:: AIM OF THE TASK ::
Within the entries below, please retype exactly the lines starting with the line that has "Cicha kameralna plaża" and going on through the line that has "Folha decorativa 21,5", but not the pictures.

:: EXCERPTED DATA ::
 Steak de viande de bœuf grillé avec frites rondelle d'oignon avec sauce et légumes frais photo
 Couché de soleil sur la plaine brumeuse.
* * *
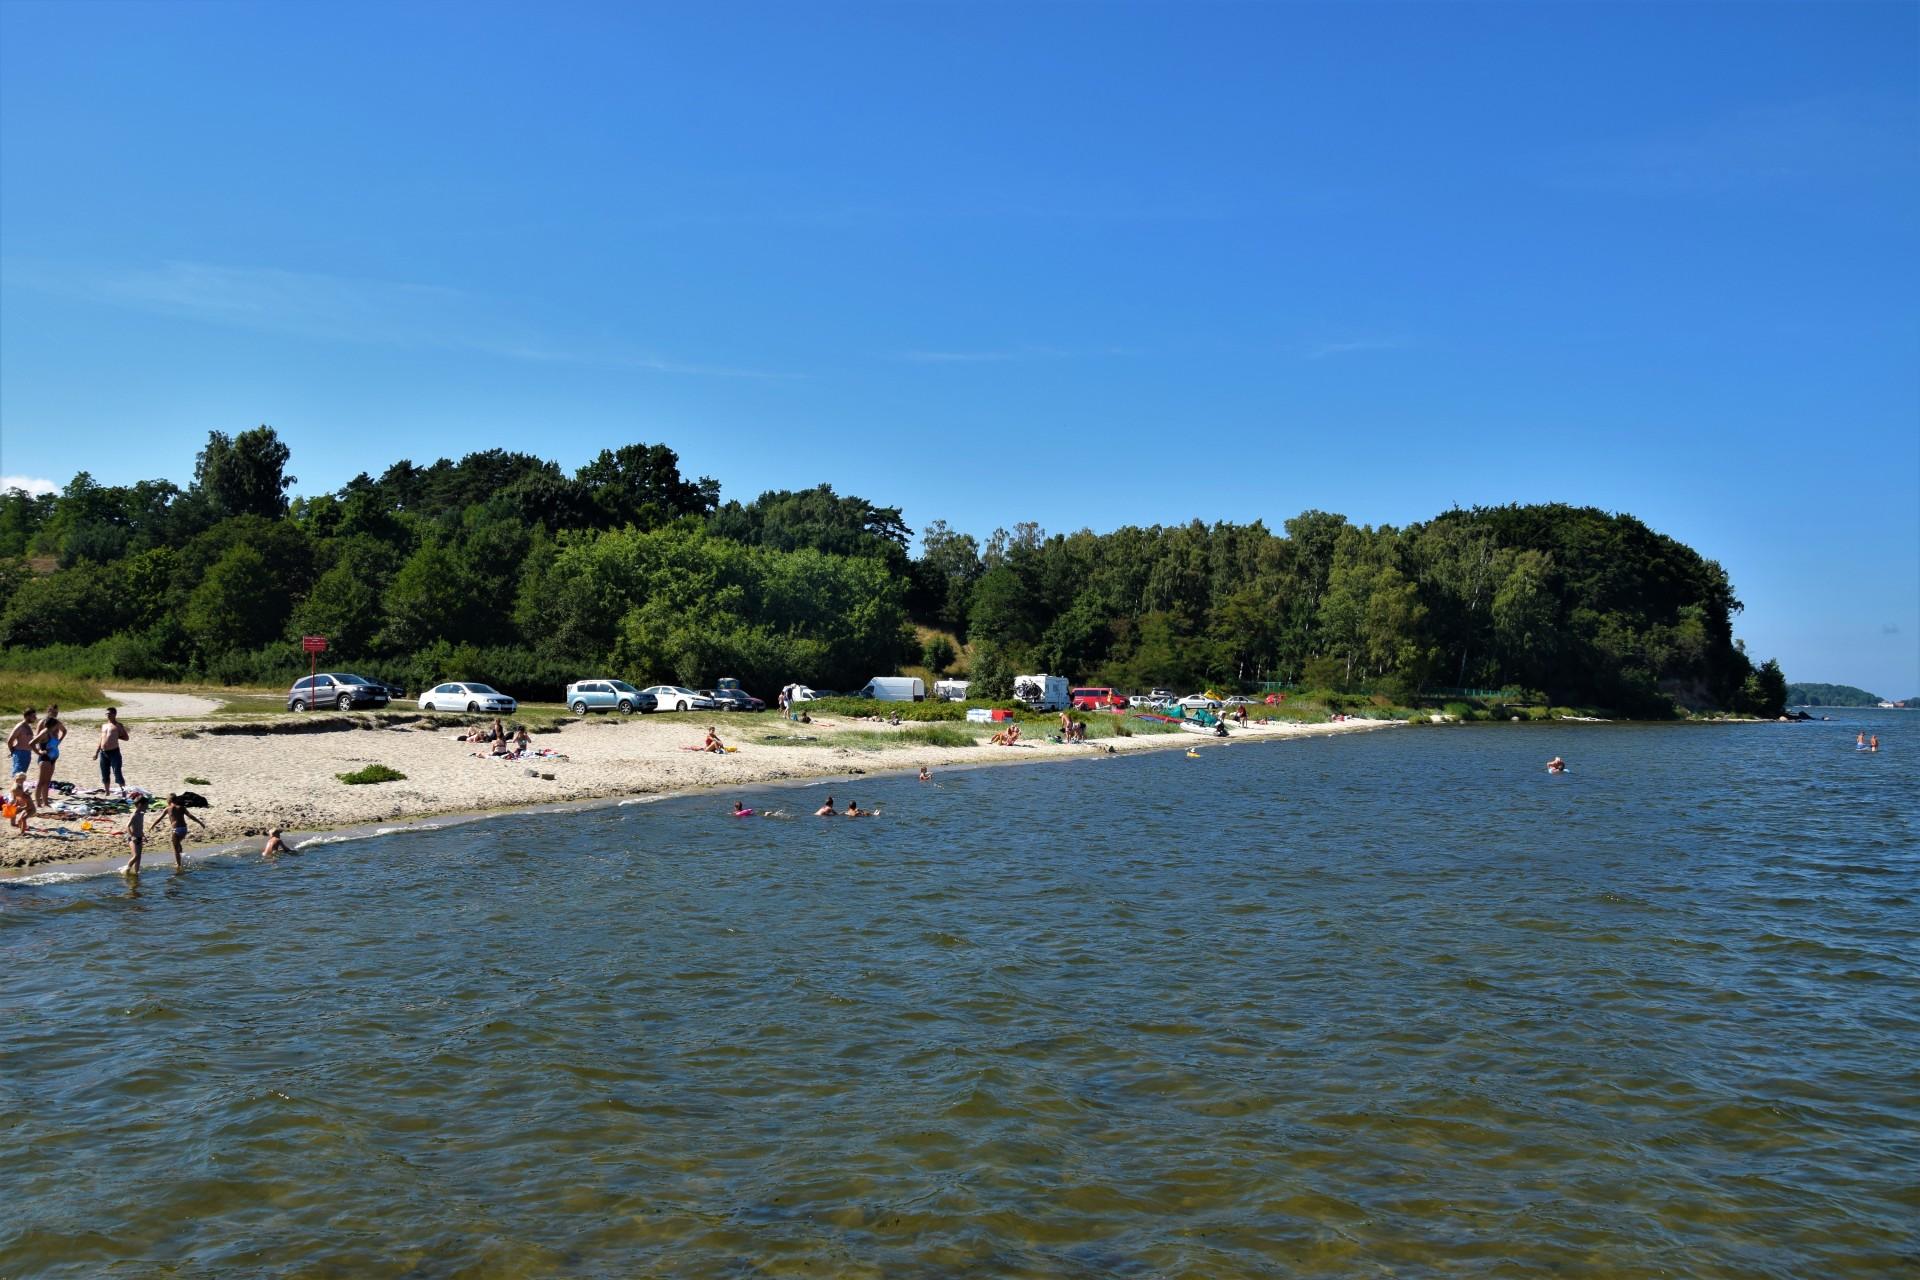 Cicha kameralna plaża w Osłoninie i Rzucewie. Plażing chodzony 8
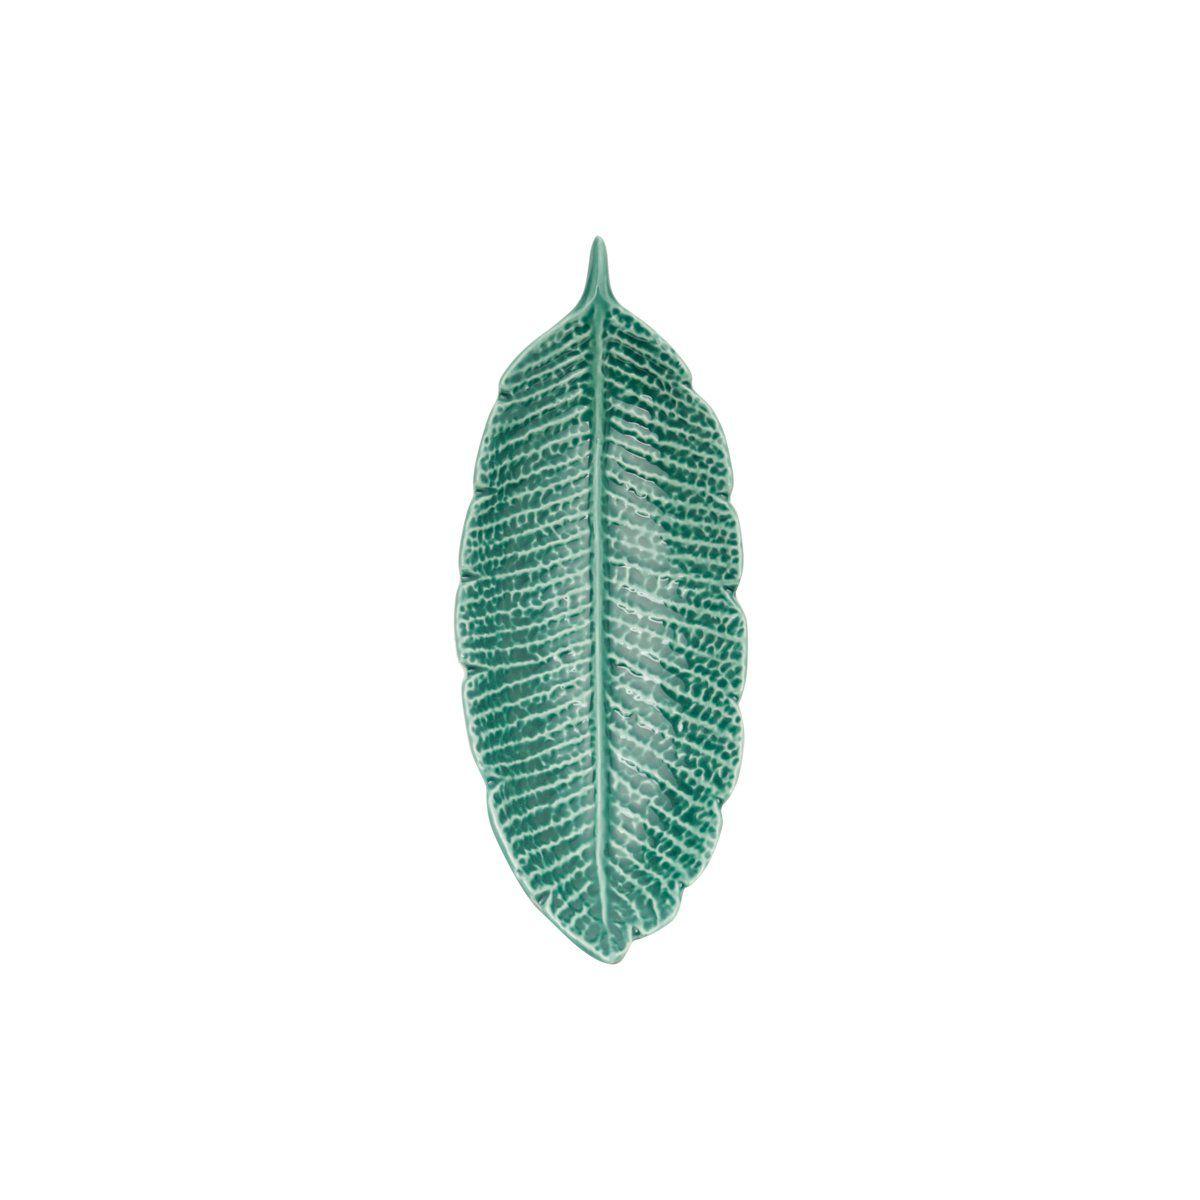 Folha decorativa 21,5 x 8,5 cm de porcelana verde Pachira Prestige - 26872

:: EXERCISE RESPONSE ::
 Cicha kameralna plaża w Osłoninie i Rzucewie. Plażing chodzony 8
 Folha decorativa 21,5 x 8,5 cm de porcelana verde Pachira Prestige - 26872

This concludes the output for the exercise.